— Work task —
Restate the listing below word for word; no picture is to be carried over.

— Data segment —
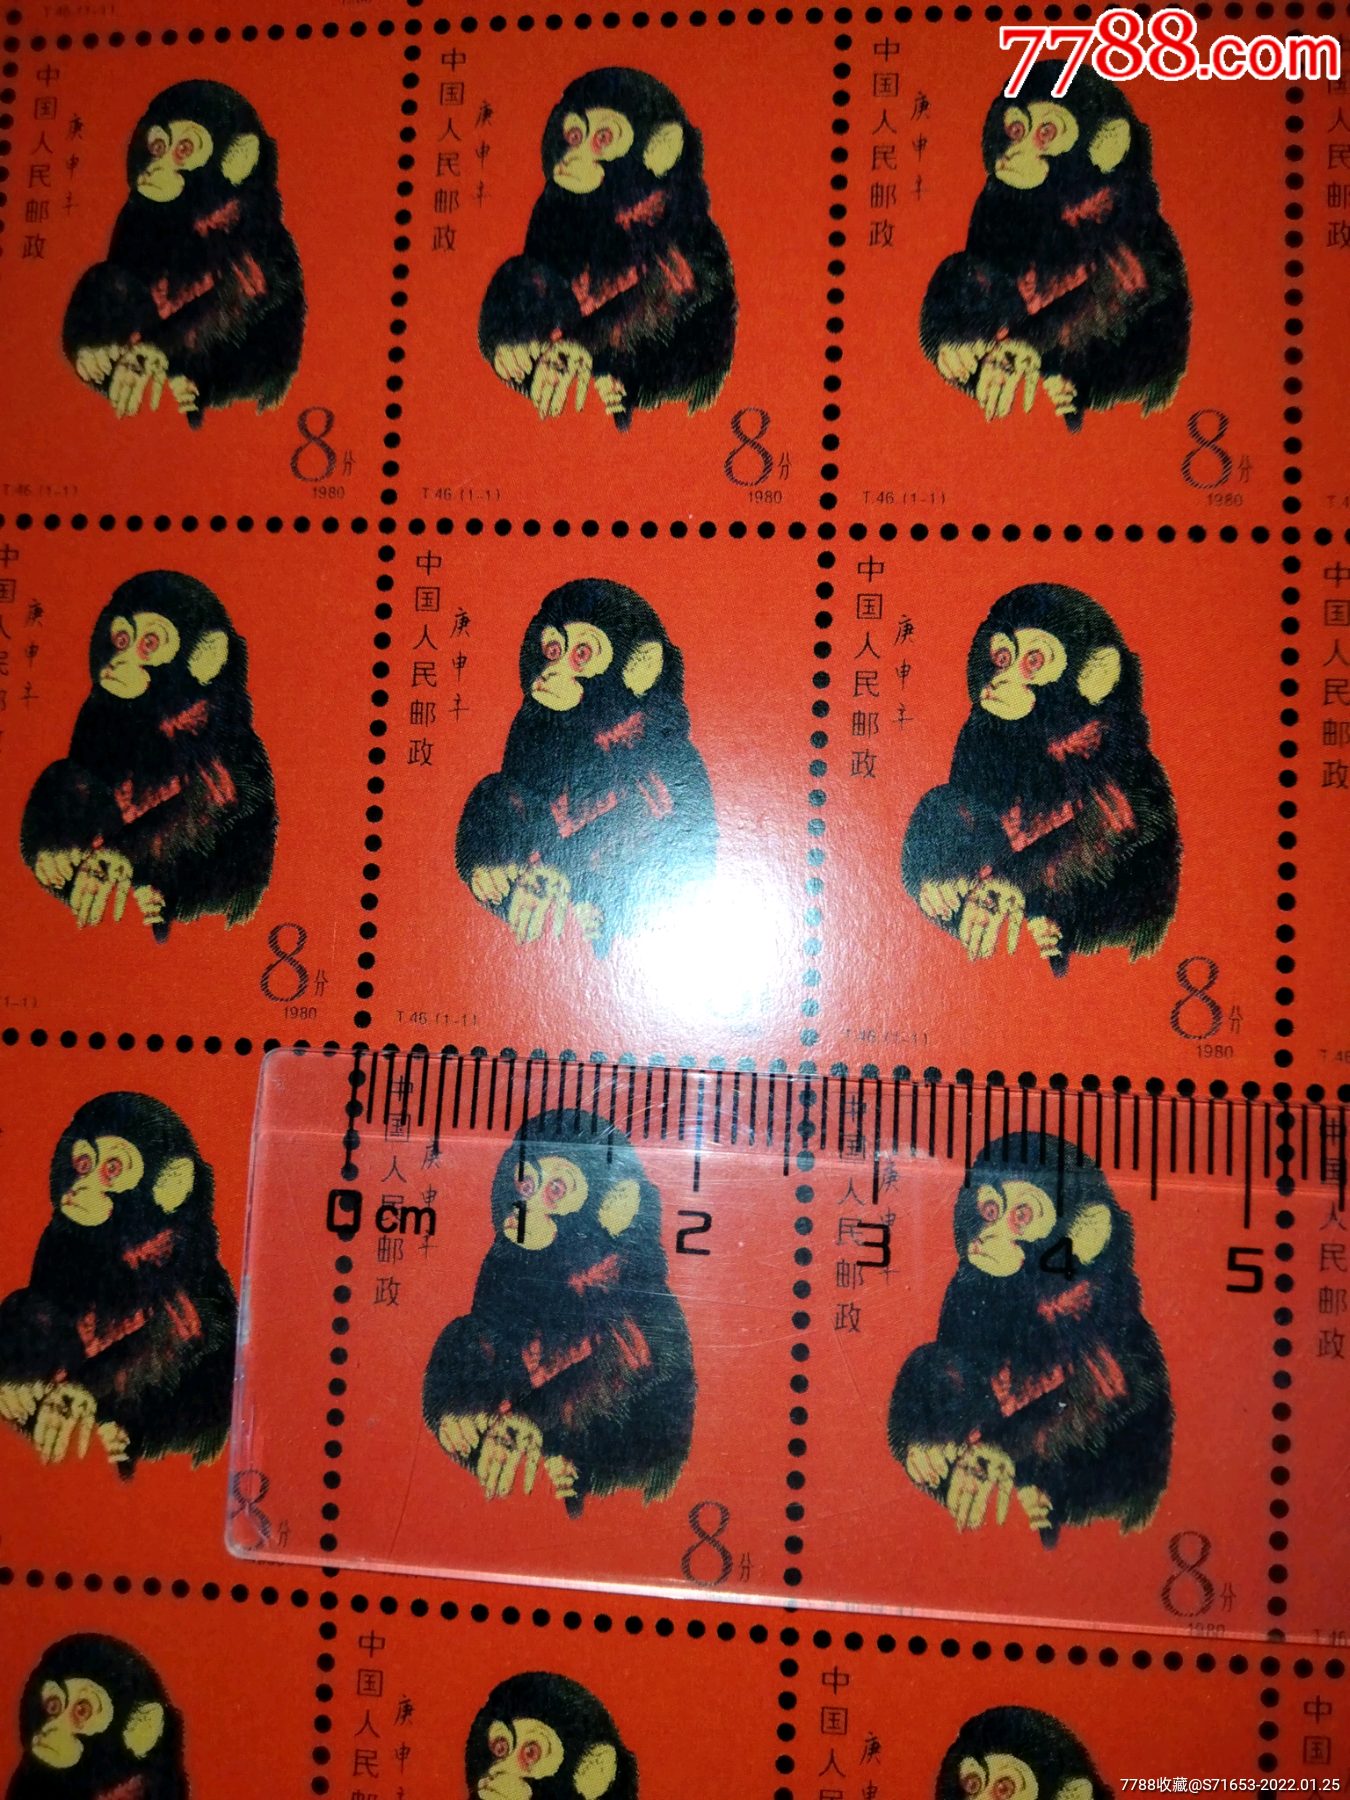 单张10万元邮票 1980图片
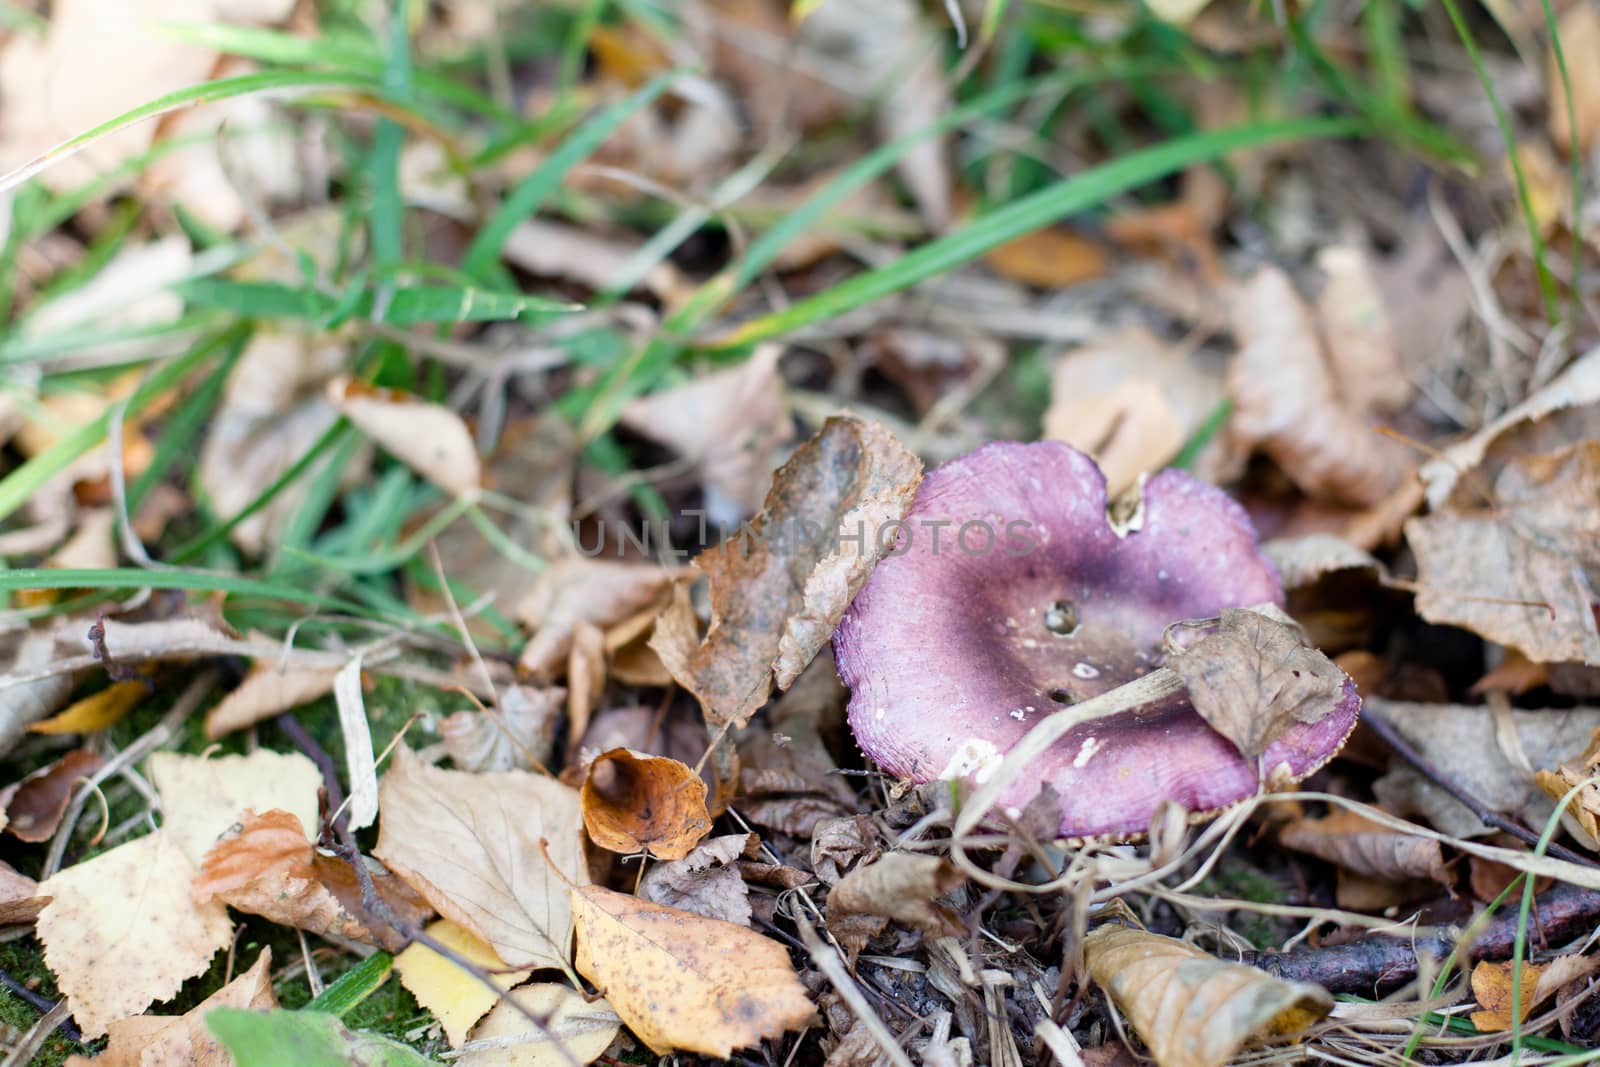 Purple mushroom by foaloce
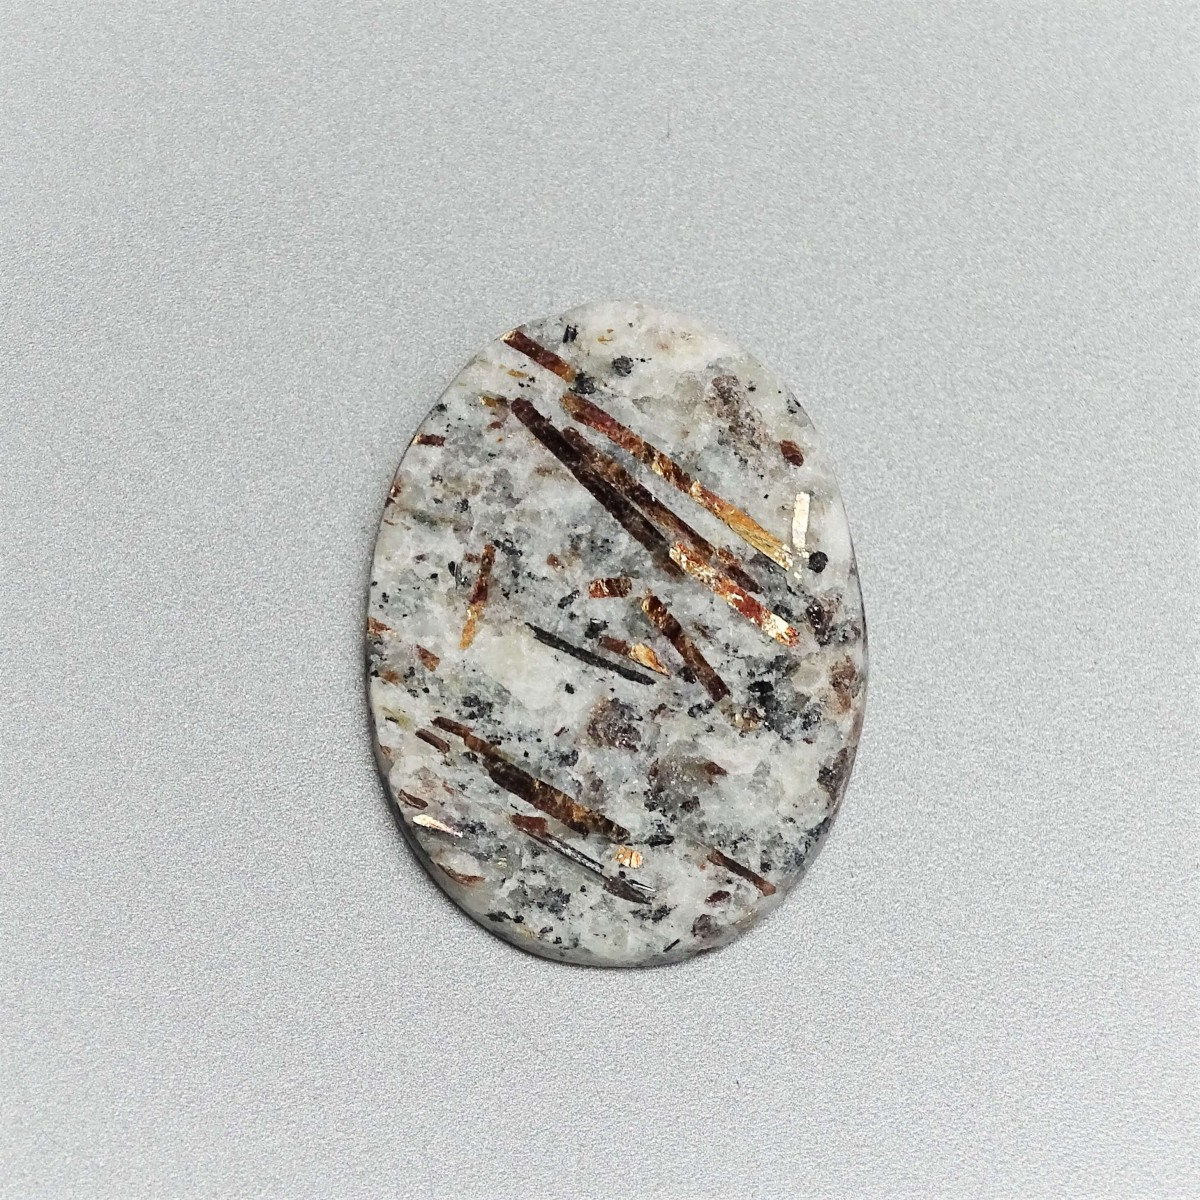 Astrophyllit-Cabochon, natürliches, unpoliertes Mineral 10,5g, Russland

— Exercise response —
 单张10万元邮票 1980图片
 Purple mushroom by foaloce
 Astrophyllit-Cabochon, natürliches, unpoliertes Mineral 10,5g, Russland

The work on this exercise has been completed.